Access to space must therefore be kept while addressing these challenges. In this abstract we present SpaceKeepers-1, a mission developed as part of the CleanCube initiative, focused on five key technical zero-debris challenges: reliable end-of-life disposal, reliable passivation, system resilience, collision risk reduction and visual and radio astronomy impact mitigation.
Developed by Alén Space and GMV, and aimed to launch in 2028, the platform is a CubeSat-based concept, using an elongated form factor in favor of the zero-debris goals. By using attitude change maneuvers efficiently, propellant use can be minimized. A nominal attitude where low-area surfaces face velocity can minimize drag, and therefore reduce the number of station-keeping maneuvers.
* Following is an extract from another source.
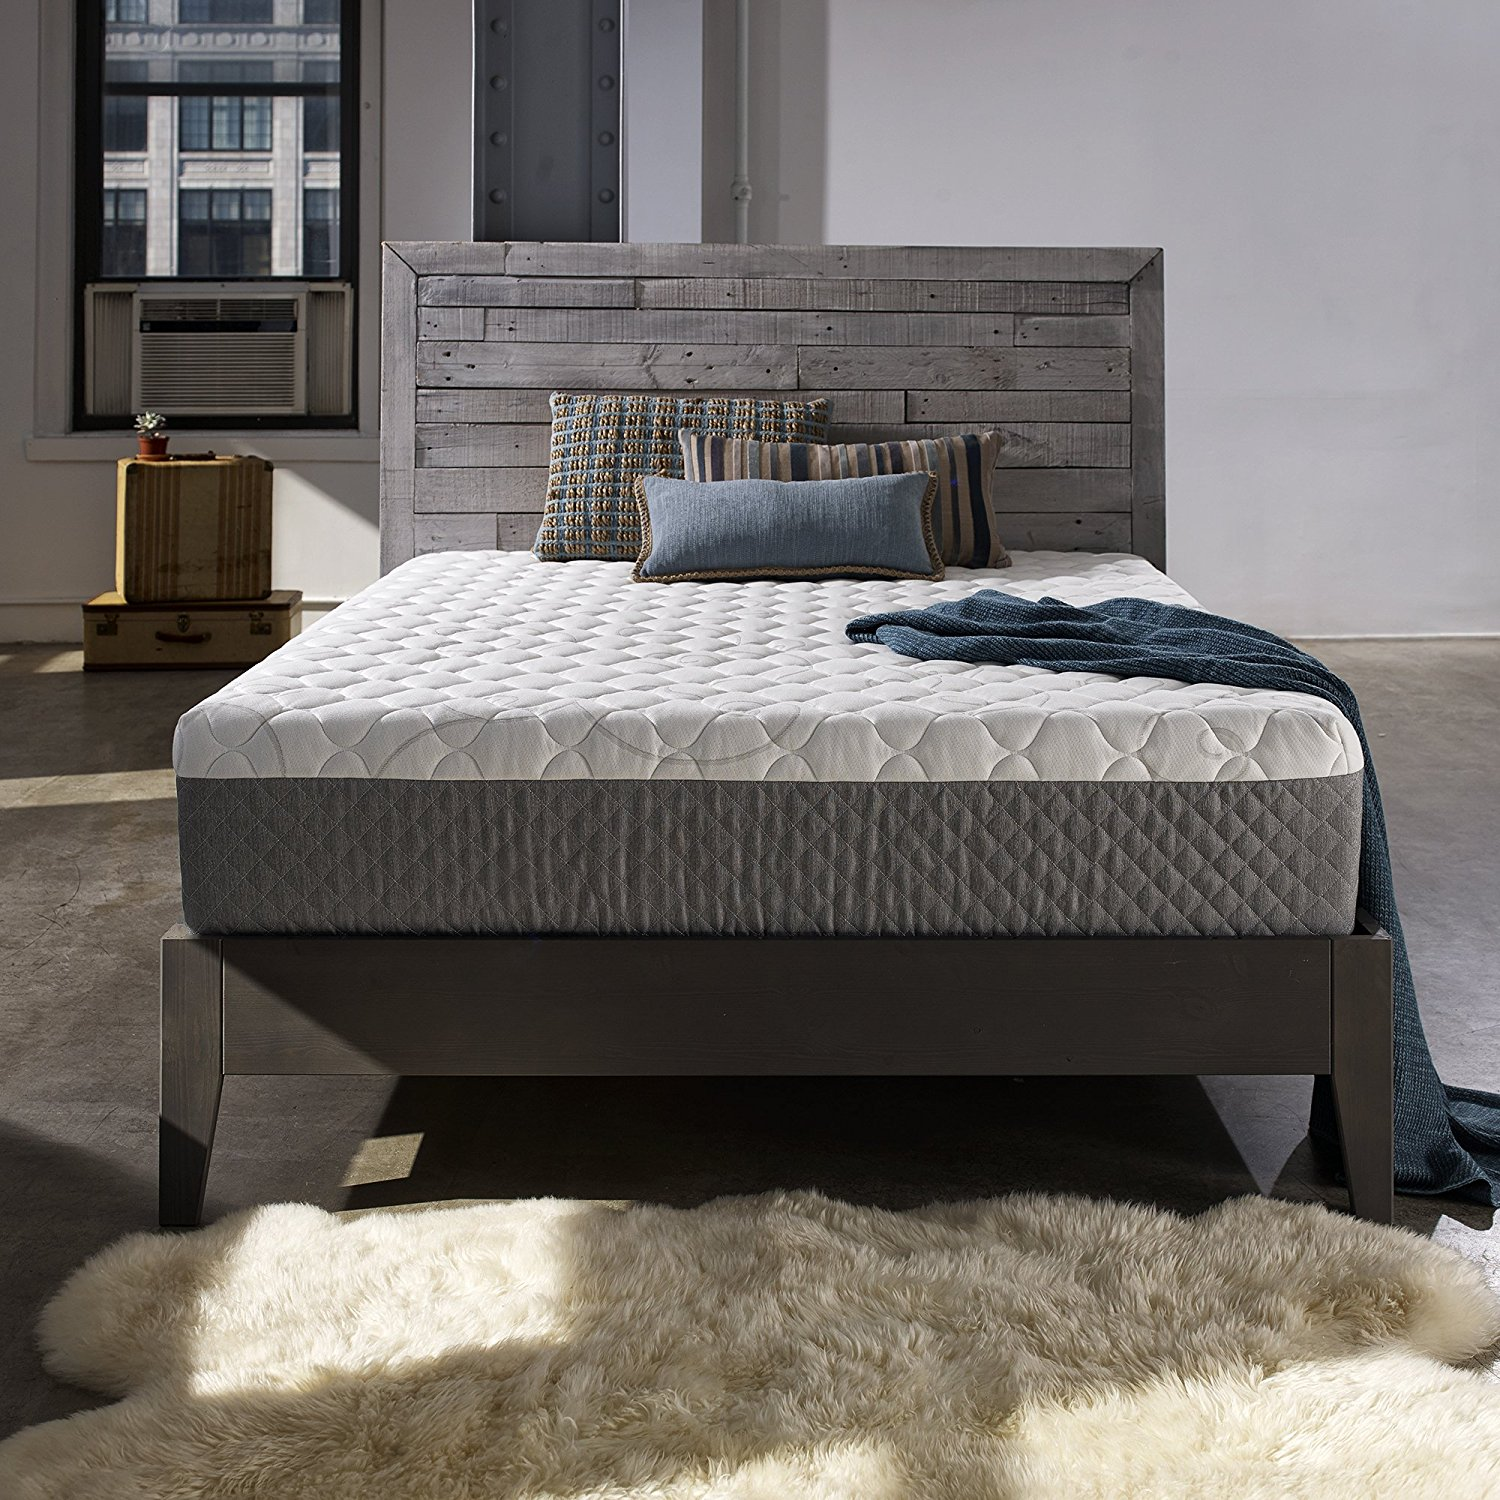 Як вибрати матрац для двоспального ліжка? Огляд брендів, технологій і наповнювачів

Orienting high-area satellite faces along the orbital velocity vector can facilitate collision-avoidance maneuvers, and accelerate end-of-life disposal, therefore reducing the propellant consumption.
To contribute to the system resilience goals, the mission will onboard an autonomous locator beacon that will enable early detection and positioning of the satellite, maintaining these capabilities through disposal. This will ensure unambiguous identification, and further improve collision avoidance capabilities. Satellite health will be continuously monitored to enhance system resilience, and advanced autonomous anomaly detection capabilities will be implemented from ground, to support early identification of potential anomalies.
Additionally, the development of advanced brightness models, analyzing apparent visual magnitude throughout the whole orbit, will improve the characterization of high brightness intervals. The use of efficient maneuvers, changing the satellite attitude, will prevent exceeding the brightness magnitude predefined limit at any orbital point. The obtained data will be used in conjunction with astronomical institutions, to improve the current models.
These experiments will demonstrate that small satellite missions can actively contribute to the development of advanced zero debris policies, establishing a framework for the future use of space in Europe and paving the way toward a safe, sustainable and efficient use of space.